Warren Buffett’s simple investment advice that has beaten most professional managers for 12 years

Berkshire Hathaway Chairman and CEO Warren Buffett rides a golf cart at the Allen & Company Sun Valley conference on July 7, 2021, in Sun Valley, Idaho (photo by Kevin Dietsch/ Getty Images).

“I recommend people the S&P 500 index And I’ve done it for a long, long time.” said billionaire investor Warren Buffett at Berkshire Hathaway’s annual shareholder meeting last May.

This has been pretty good advice and I wouldn’t be surprised if he repeats it again at the next shareholders’ meeting on Saturday.

The best and easiest way to follow Buffett’s advice for an investor is to buy shares in funds indexed to the S&P 500, that is, passive investment funds that replicate the behavior of this index. They are funds that practically all brokers offer and with some of the lowest commissions in the market.

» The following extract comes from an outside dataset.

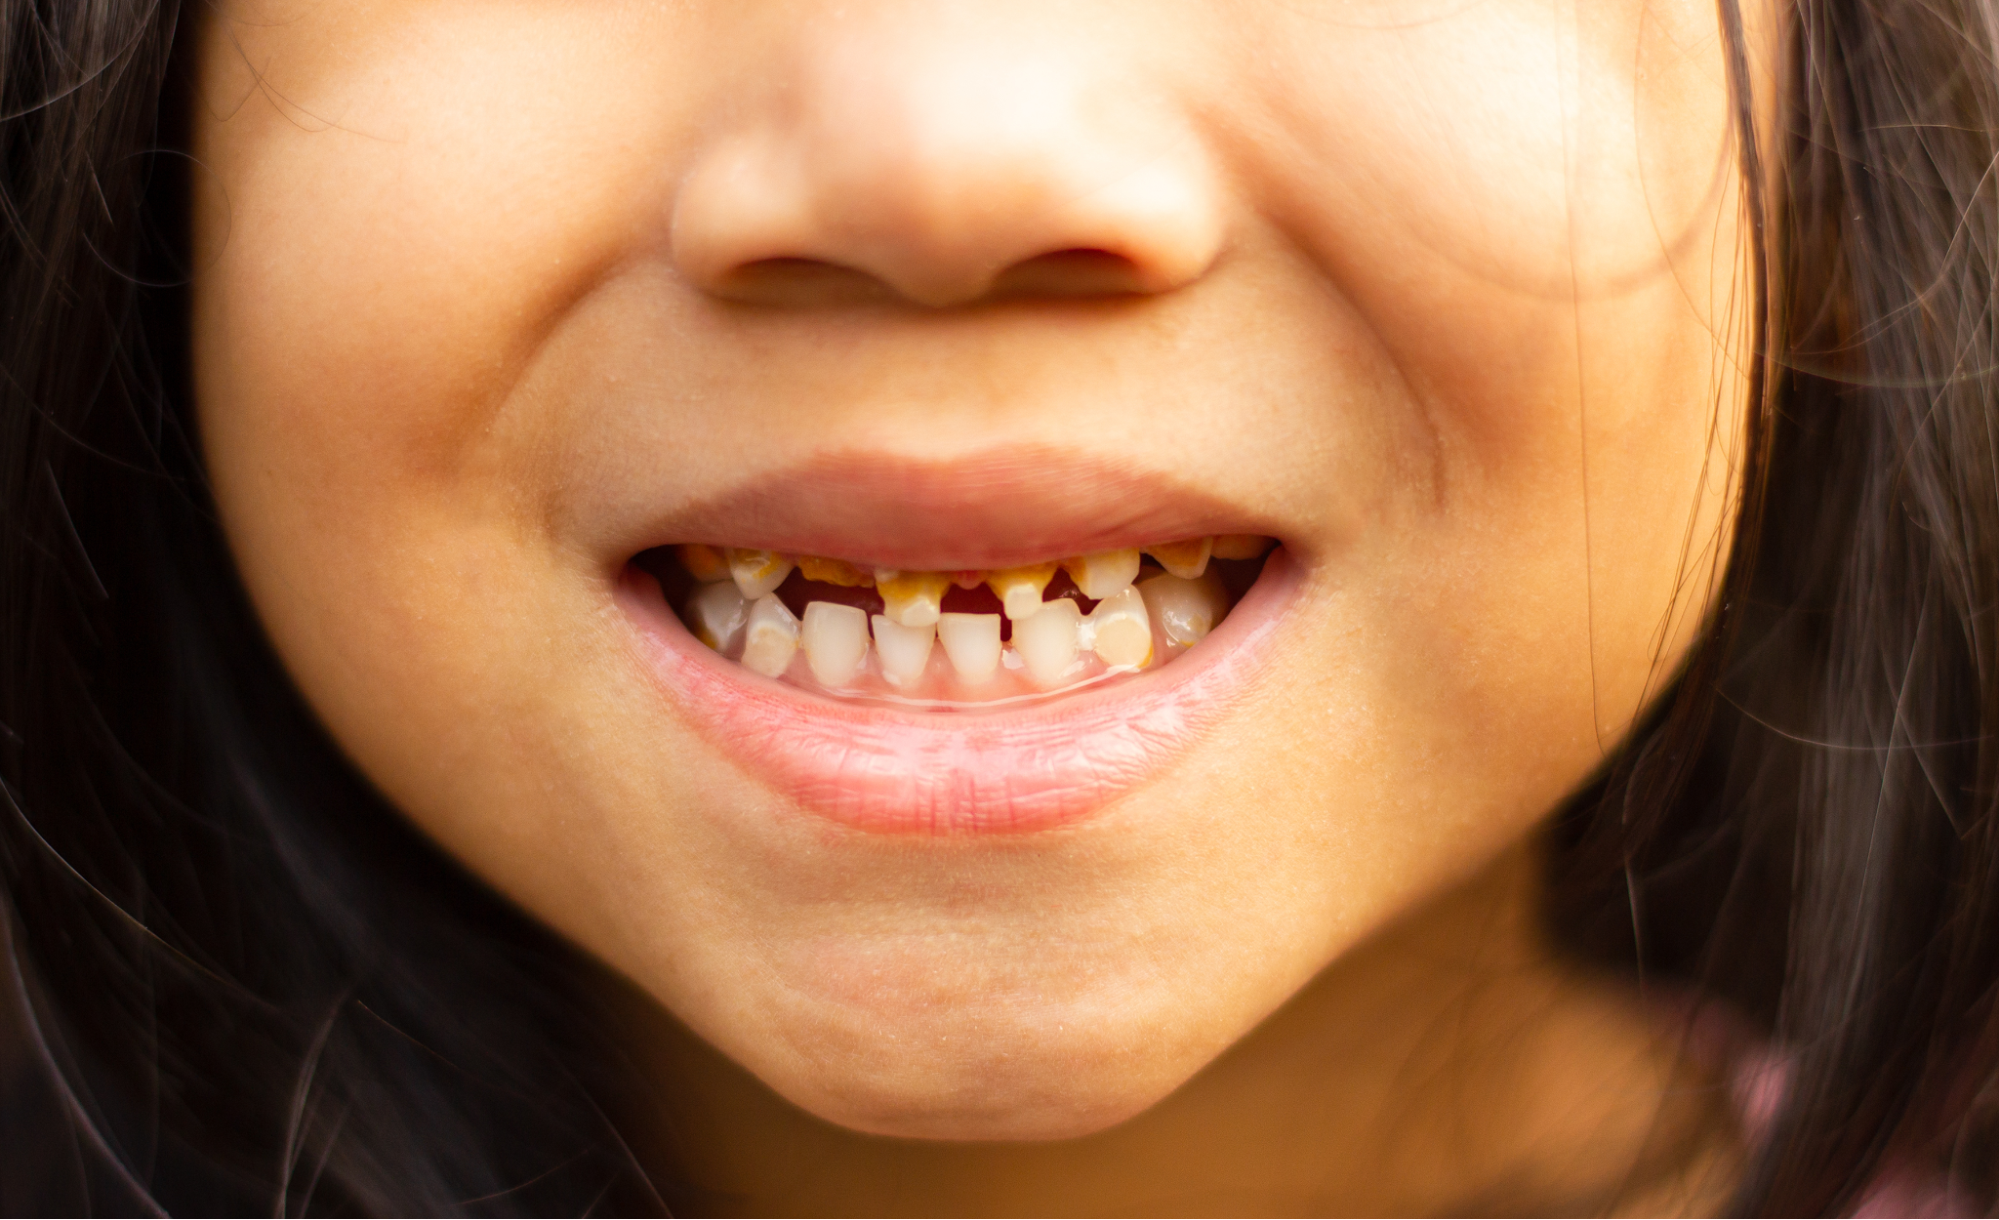 醫學界對於缺牙症成因仍未有確切定論

Managers can’t handle the index

In a report published last monthS&P Dow Jones Indices (SPDJI) analysts found that 85.1% of US large-cap stock fund managers underperformed the S&P 500 in 2021. It was the 12th consecutive year that more than half of managers in this category lagged the index.

In other words, investors who followed Buffett’s advice have outperformed most professional money managers every year for more than a decade.

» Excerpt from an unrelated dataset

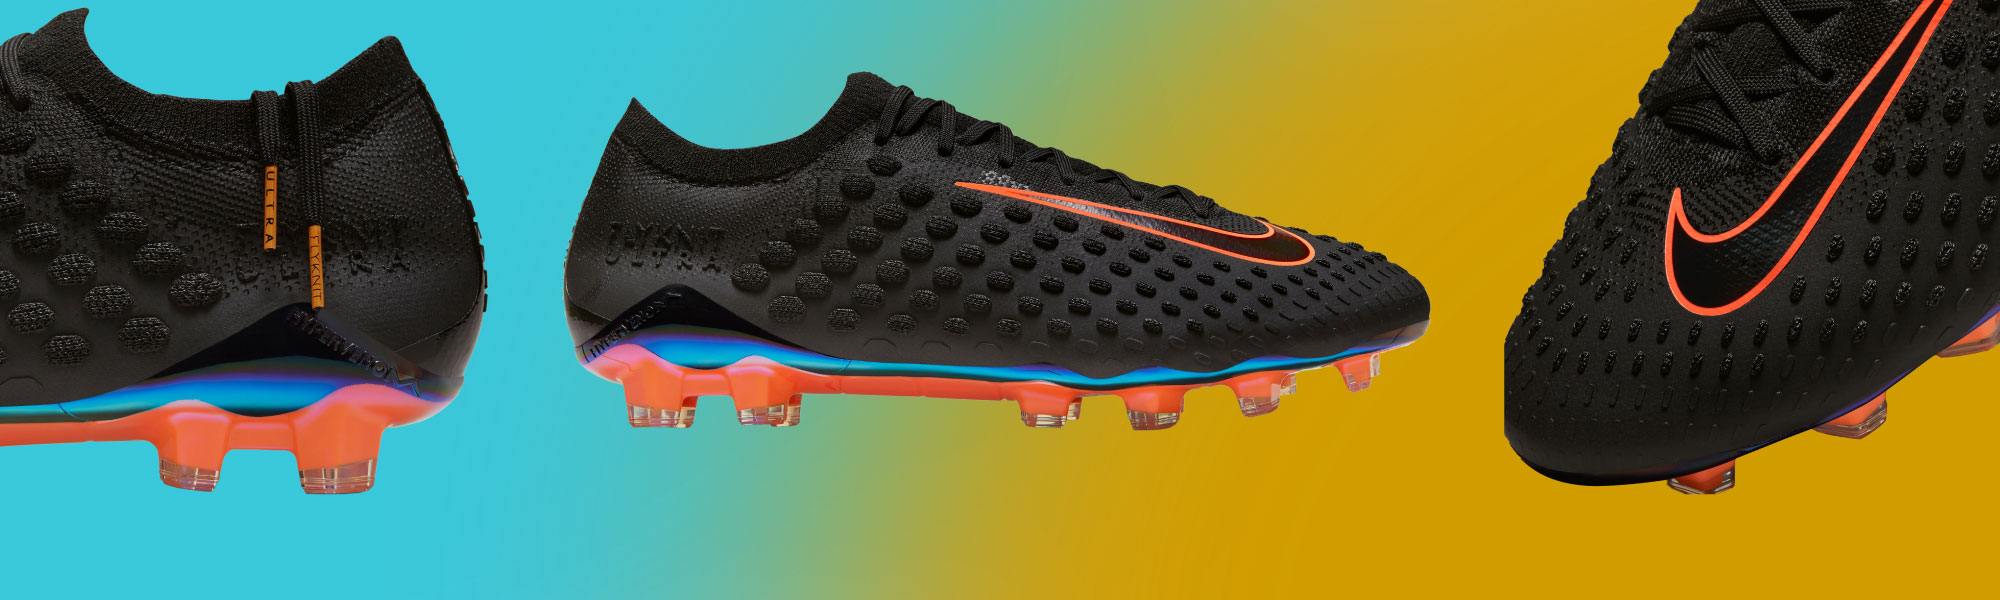 Hizo un contrato Clasificar Cerebro Nike Flyknit Ultra Soccer Shoes - SoccerPro

Of course, the S&P 500 (^GSPC) has gone through hard times latelyfalling around 13% from the maximum of 4,818 points on January 4.

It’s not that easy to beat the S&P 500

But as the SPDJI data suggests, it’s incredibly difficult to overweight or underweight stocks in a way that beats the market.

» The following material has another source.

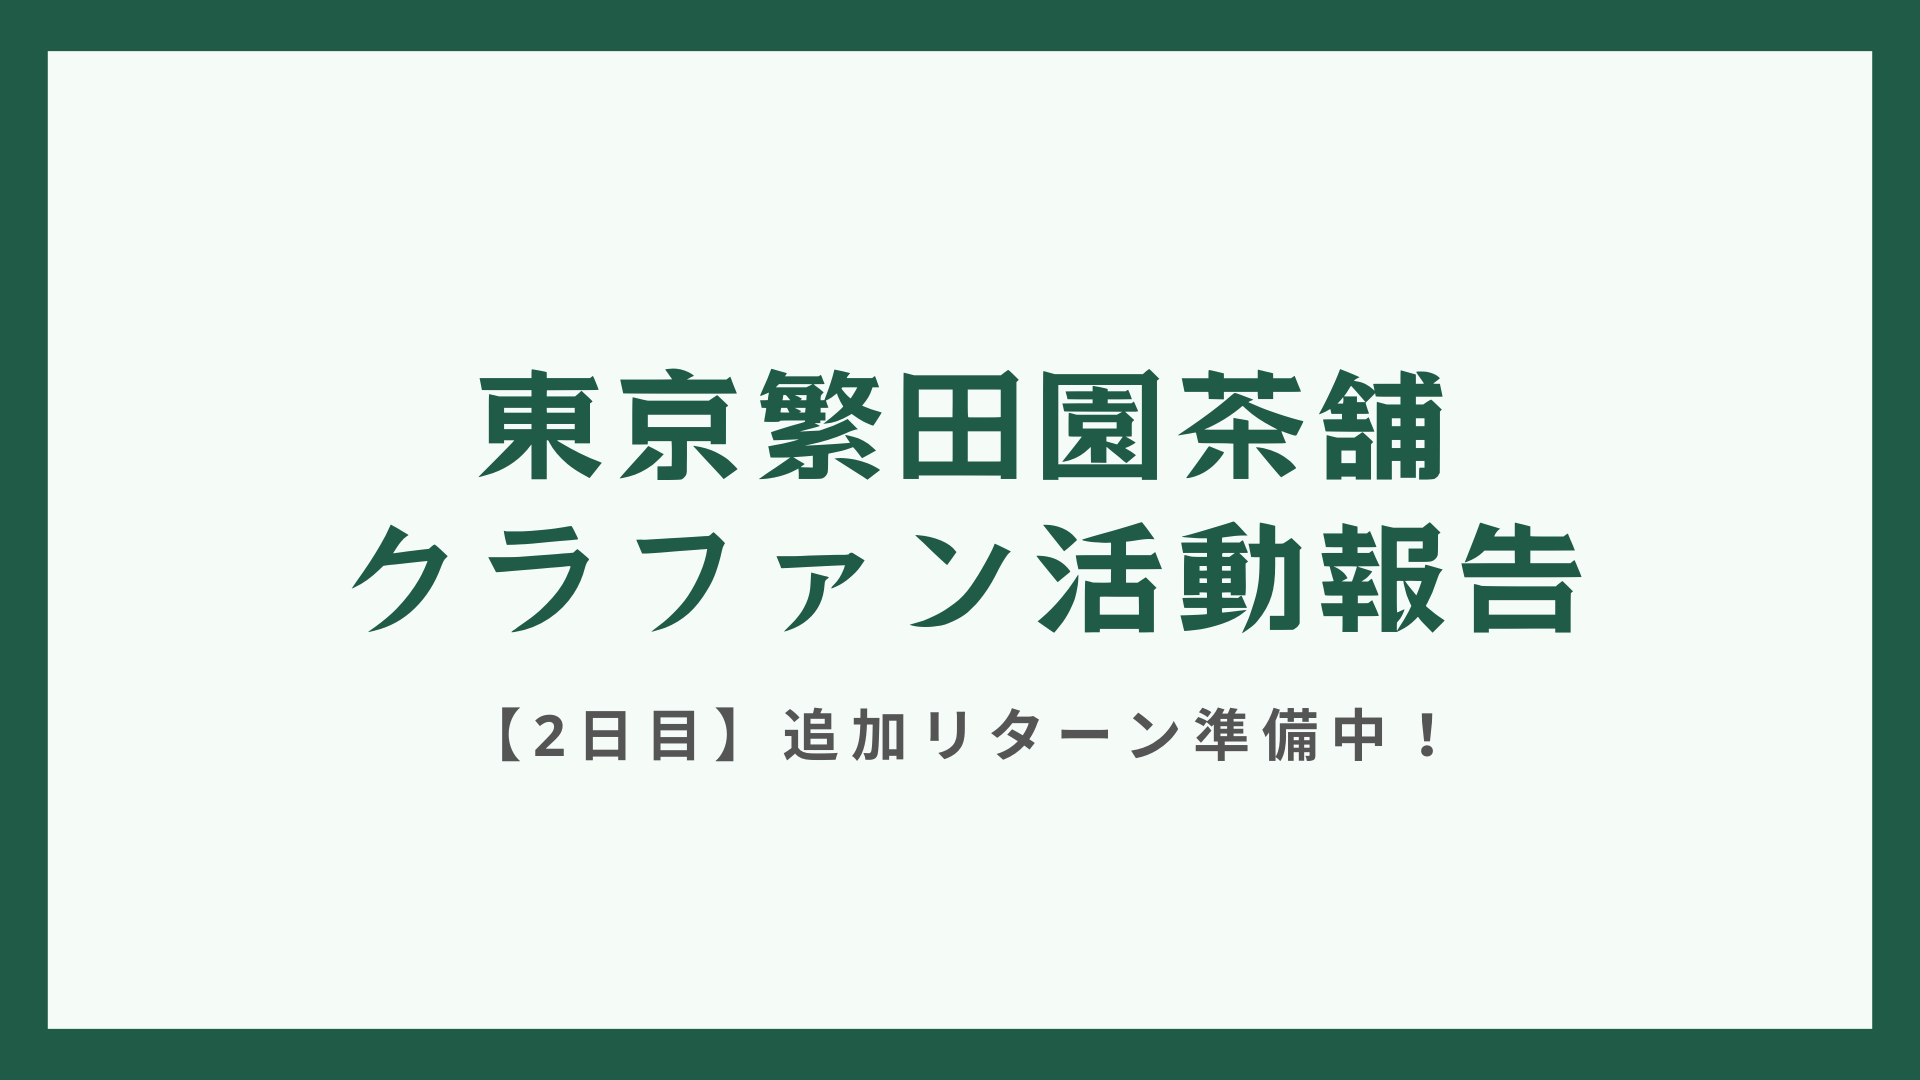 【クラファン活動報告・2日目】！「霧島ヌーヴォー」完売！追加リターン準備中！

In fact, many of the most popular stocks on the market have fared horribly. On Tuesday, Mike Zaccardi tweeted statistics showing that Microsoft (MSFT), Alphabet (GOOG, GOOGL), Tesla (TSLA), Nvidia (NVDA) and Facebook parent company Meta (FB), are down between 20% and 53% from their highs.

Behind the disastrous earnings announcement last Tuesday, shares of Netflix (NFLX) have now down about 70% from its recently reached high.

According to a different report, SPDJI analysts discovered that just 22% of S&P 500 stocks are down 70% from their recent high.

No one is saying that investors should completely avoid trying to pick winning stocks for their investment portfolio. However, investors should understand that choosing stocks is very difficult and ultimately there is a strong chance that they will underperform in the market.